# Track polarity



## Mike(^RacerX^) (Mar 15, 2003)

Hey all.....

Haven't posted much,but I stll read this board every day.I didn't do a whole lot with my track the last few months as I was taking advantage of the nice hot summer we had here in SE NY state.

I'm getting back to doing some work on the track again in the next week or so and will pick up where I left off,which was with putting together some driver stations.

I'm thinking about some of those electronic Parma controllers that everyone has been talking about on the HO DL for the last week or so.But I see that when using these,track polarity is an issue.

At the moment,I am using 3 wall warts chained together for every two lanes.The question is,how do I go about determining the + side from the - side???

Mike


----------



## Rawafx (Jul 20, 1999)

If you have a volt meter(you can pick up cheap ones at Radio Shack and I think Sears has them, too......I bought a really nice one on sale there last year.) just set the meter to DC volts and touch one wire to each of the meter's leads. If you get a "normal" volt reading then the red probe is on the positive wire; if you get a "negative" reading then the black probe is on the postive wire.

Bob Weichbrodt
"Rawafx"
A and H Hobbies
W-S/Clemmons, NC


----------



## AfxToo (Aug 29, 2003)

-----


----------



## hartracerman (Jan 9, 2005)

What does the chained wallworts do for you?


----------



## AfxToo (Aug 29, 2003)

-----


----------



## Slott V (Feb 3, 2005)

Something important to remember with using electronic controllers and home tracks:

The controller must always have the correct polarity coming into it.

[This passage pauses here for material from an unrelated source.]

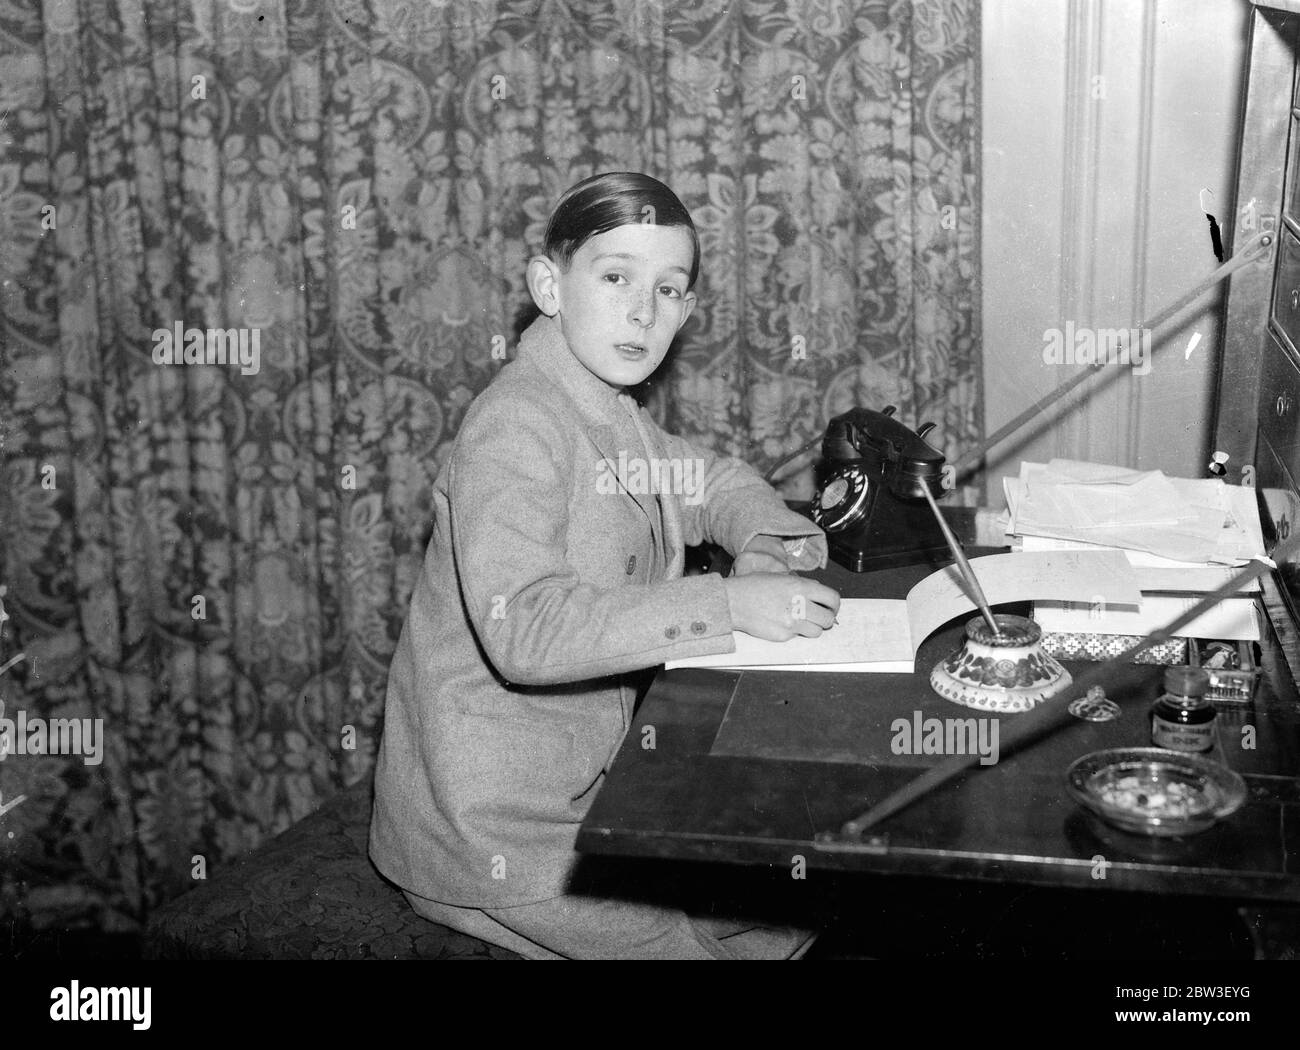 Writing his third book at 11 years of age . London boy with  astonishing gift  bought typewriter with royalties . Robert Holland at work on his new book with his typewriter . 21 December 1935 Stock Photo

If you have lane reversing switches in your track, they must be AFTER the power to the guns. There were some great wiring schematics by a guy named "Fergy" for reversing switches and brakes but I lost the bookmarks to his stuff.


----------



## Mike(^RacerX^) (Mar 15, 2003)

Thanks for the tips guys.I needed to get a multi meter anyways.

Slot V:I think I know which article you are referring to.Thanks for the reminder.

Mike


----------